How the bad guys won

"Difficult Men" chronicles how antiheroes like Tony Soprano and Walter White -- and their creators -- took over TV

Published July 16, 2013 5:47PM (EDT)

James Gandolfini as Tony Soprano from "The Sopranos", Bryan Cranston as Walter White from "Breaking Bad."   (HBO/AMC)
James Gandolfini as Tony Soprano from "The Sopranos", Bryan Cranston as Walter White from "Breaking Bad." (HBO/AMC)

There was a time when rank iniquity got a bum rap on television, when serial killers, gangsters, dope dealers, corrupt cops and the like were routinely portrayed in a negative light. (Advertising executives, too, for that matter.) They turned up in popular entertainment regularly enough, but as villains and foils, with a simple if unenviable mission in life: to go down to ignominious defeat, preferably sniveling, vanquished by our heroes as the credits rolled.

The story of how the bad guys won, how Tony Soprano, Vik Mackie, Walter White, et al., bullied their way onto our plasma screens, is the subject of "Difficult Men: Behind the Scenes of a Creative Revolution," Brett Martin’s keenly observed examination of what he terms television’s Third Golden Age.

The book’s title is a reference not only to the tormented protagonists of such groundbreaking cable series as "The Sopranos," "The Wire," "The Shield," "Six Feet Under," "Deadwood," "Mad Men" and "Breaking Bad" — but to their creators, guys autocratic, combative, insecure, egomaniacal and sometimes plain nasty enough to transform a fundamentally commercial medium into a canvas for high art. “It was necessary for me to always take the point of view that I was obligated to no one and nothing,” misanthropic "Sopranos" capo David Chase tells the author at one point.

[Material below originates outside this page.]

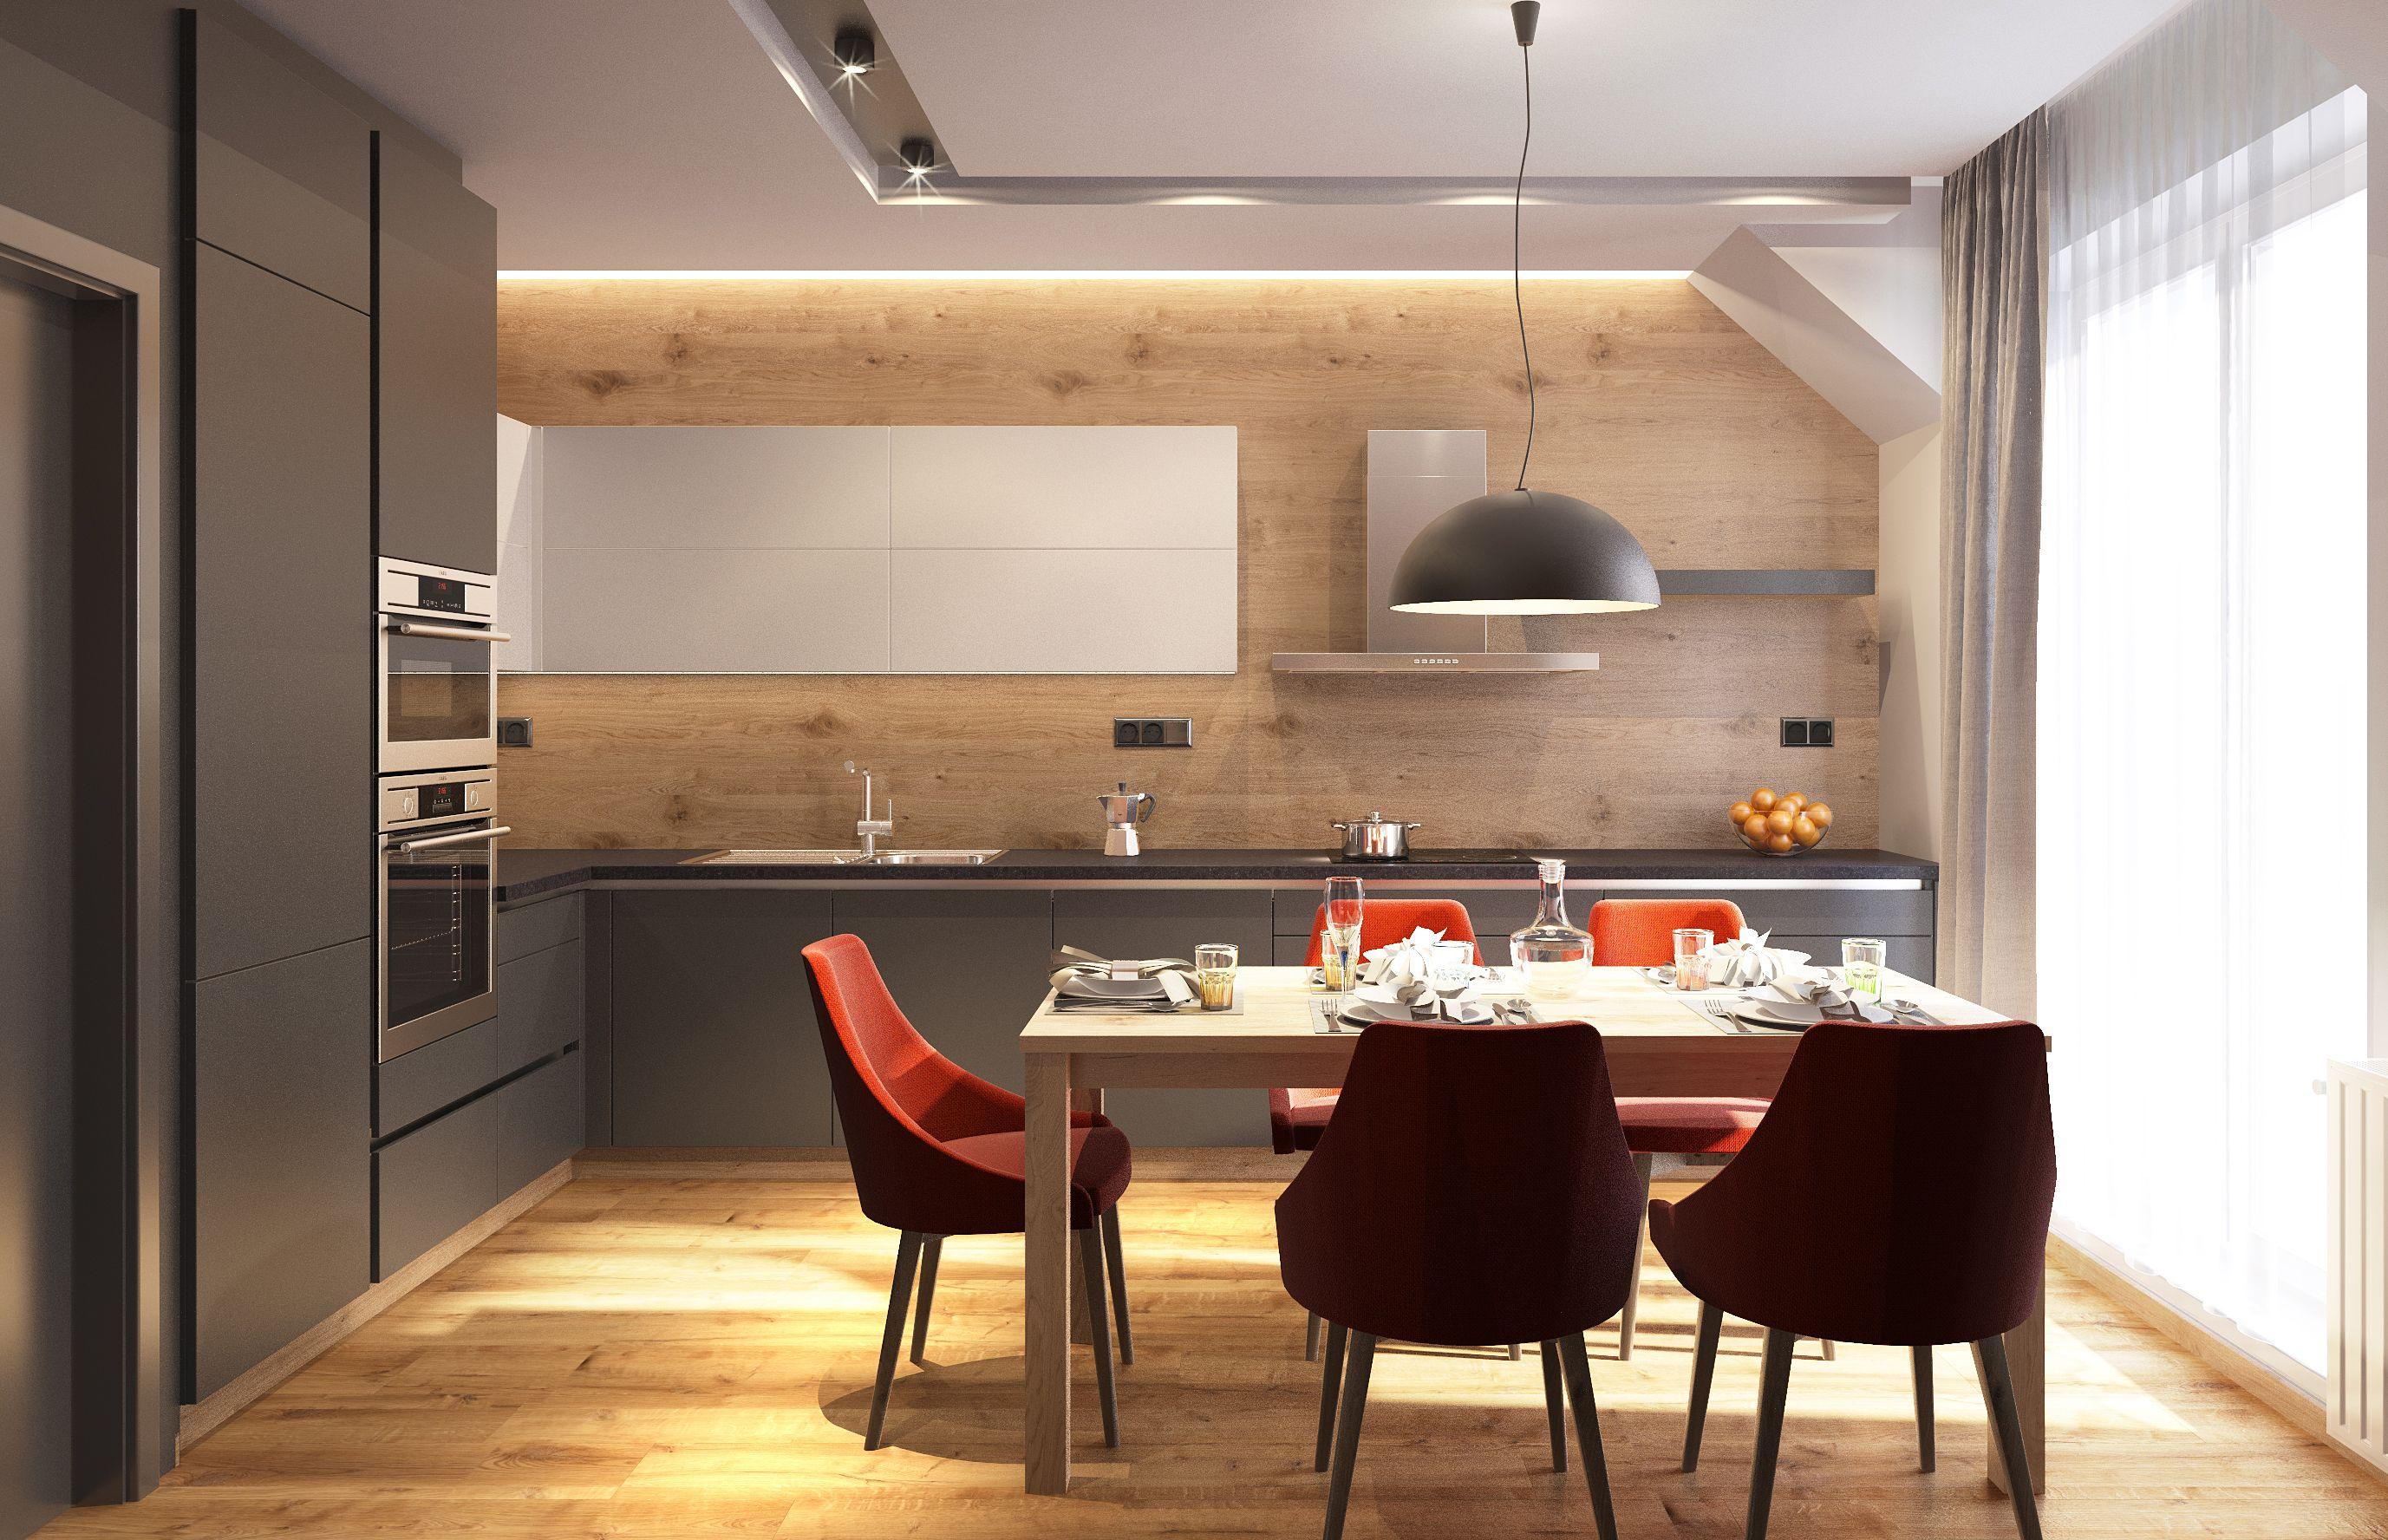 dizajn bytu interier horsky styl (5)

Or as Steven Bochco, the co-creator of "Hill Street Blues" and "NYPD Blue" (direct antecedents of the contemporary cable drama), allows, “I probably did come off as an arrogant a--hole. But you had to be. We were bucking a system.”

Passionate and uncompromising, these men managed to secure for themselves a level of poetic license that would have been unthinkable in previous decades, helping to codify the role of the all-powerful showrunner — which is to a television drama, and sometimes a network’s brand identity and bottom line, what a toddler is to a mud pie.

“This isn’t publishing some lunatic’s novel or letting him direct a movie,” one unnamed source tells Martin. “This is handing a lunatic a division of General Motors.”

The author secured the cooperation of all of his primary subjects, with the exception of "Mad Men's" Matthew Weiner, as well as many of their colleagues, and "Difficult Men" offers readers a rare glimpse inside the writers rooms — “hotbeds of emotional turmoil and transference,” Martin writes — where these avidly watched serials came to life.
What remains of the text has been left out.